I've read a little bit about the reasons why many people behave like this, and I have struggled with my own case of "covid fatigue" at times. But so far, I haven't given up -- I hike up my big girl panties, put the d**m mask on, wash/sanitize my hands often, and keep my exposure to others to a minimum.

I belong to a social club for women motorcycle riders in my local area. One of them was having a birthday get-together at a local bar last night. She issued a private message to the rest of us to meet her at the bar and enjoy the party. I wished them all a good time while shaking my head in disbelief that she thinks this is an okay thing to do, what with covid rates going sky high in Iowa right now (the state is currently third in the nation -- a very un-enviable place to be). I doubt I'm going to attend the monthly club meetings for the foreseeable future.


----------



## violets2217 (Nov 18, 2020)

I honestly did not realize Thanksgiving was next week. When my kids were putting away the Walmart grocery order they pointed it out to me and ask why there was no turkey in our order! So hopefully I have a turkey breast in the freezer to throw in the crock pot or we are doing a "favorite meal" buffet. Last holiday we did that it included tacos, homemade pizza and I think a meat loaf and some spicy chicken fajita pasta dish!!! Hope everyone has a great holiday!!!


----------



## Peachy Clean Soap (Nov 18, 2020)

DeeAnna said:


> _"...doesn't seem to understand you can get sick from family ..."_
> 
> Ugh, yeah. I'm afraid a bunch of my family in western Iowa have the same attitude. I don't understand it.
> 
> ...


Good Choice' I cant see exposing ourselves to possible covid' If its not absolutely necessary.
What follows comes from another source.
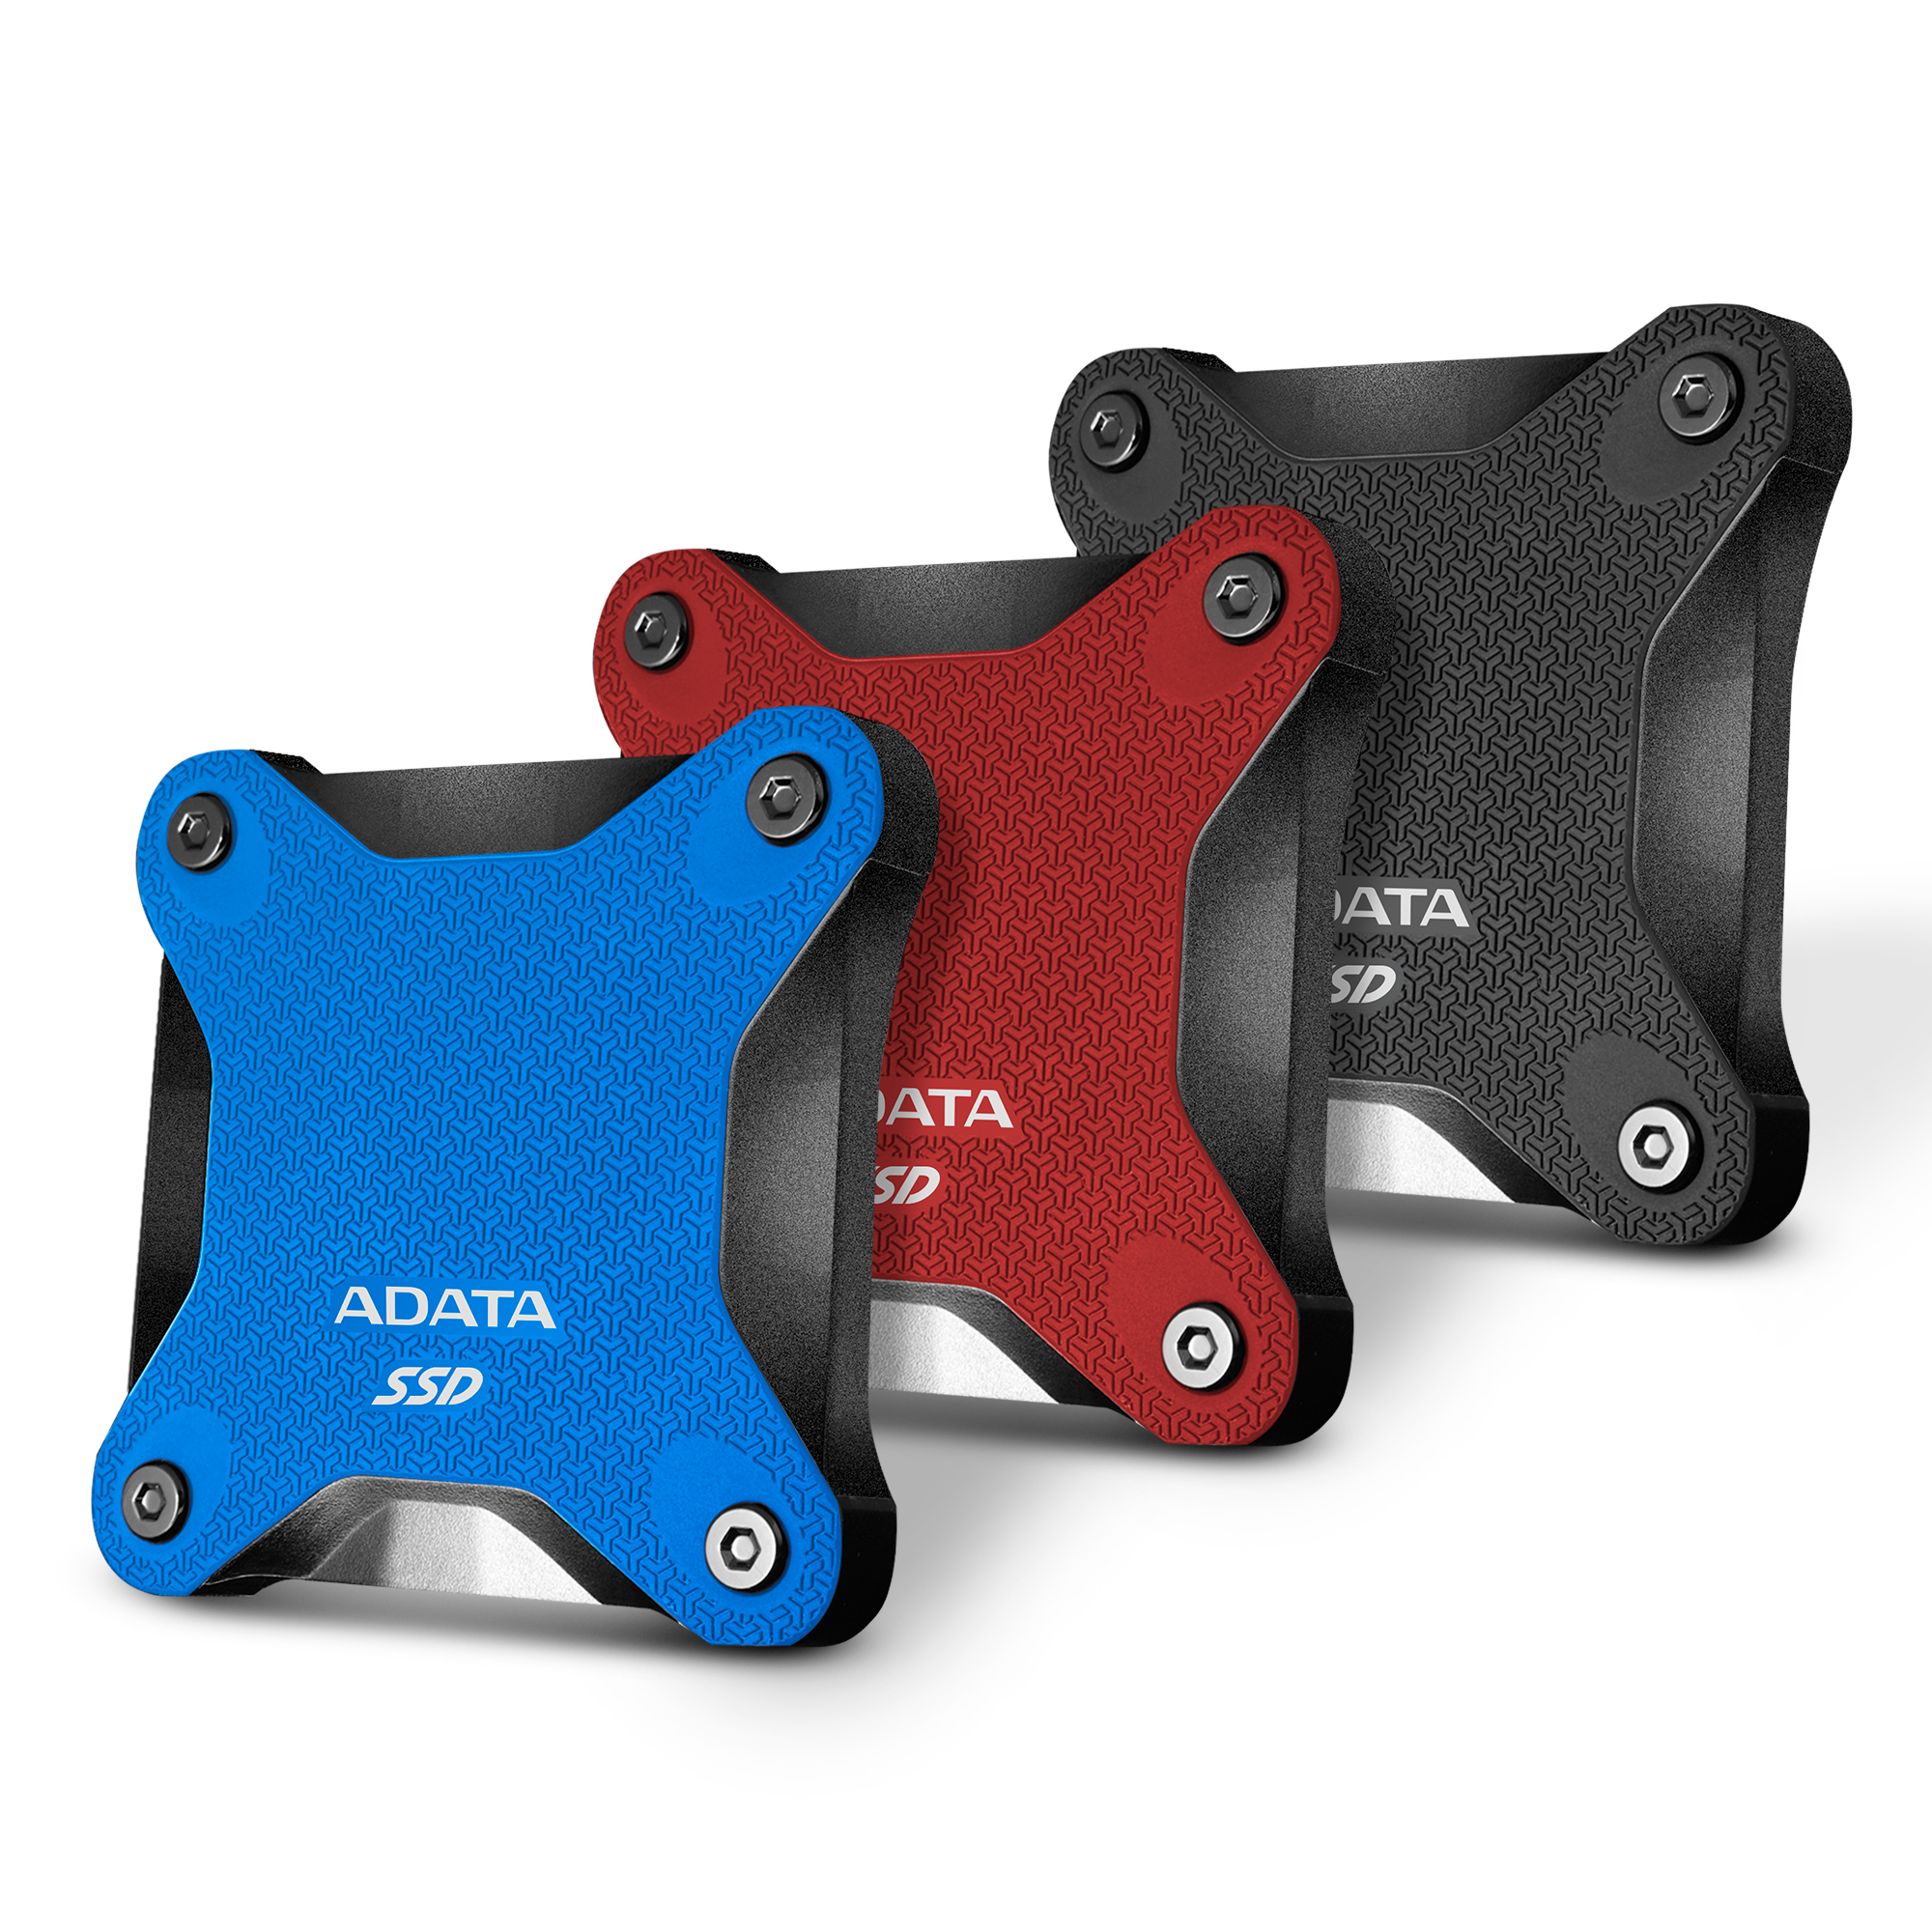 ADATA meluncurkan SD600Q eksternal solid state drive

I dont even like going to the grocery store! I use every precaution not to cross contaminate when I do, tell the Family the same. We cant be careful enough.


----------



## Marebear (Nov 19, 2020)

To BattleGnome  -   I couldn't agree with you more about Wisconsin.  I am a resident of Wisconsin and people wearing masks varies from county to county.  I don't understand what is so difficult about putting on a mask.  In my county, 300 people walked in to a county board meeting to complain about masks.  Not one of the 300 wearing a mask.  County board members called it a Covid party.
Small Thanksgiving for me.  Something that I read today - Better a Zoomgiving than an ICU


----------



## beckster51 (Nov 19, 2020)

All this magical thinking about Covid is very disturbing!  I understand why no one wants to deal with Covid, neither do I.  But I also don't think it's going to skip over me and mine "just cause" if I don't take precautions.  Thanksgiving this year will be me and my husband, with 2 dogs begging for turkey scraps.  My very best wishes for everyone here to stay vigilant and safe.


----------



## bookreader451 (Nov 19, 2020)

Just an update we got good news today my sister's tumor is benign!  Jumping for JOY!!


----------



## dixiedragon (Nov 19, 2020)

We've rented a pavilion in a local state park for Tgiving. Literally every Thanksgiving I can recall for my entire life has had gorgeous, sunny weather - sometimes cold but always sunny. So knock on wood that this continues! But even so, we're down from our usual 30 people to around 10. 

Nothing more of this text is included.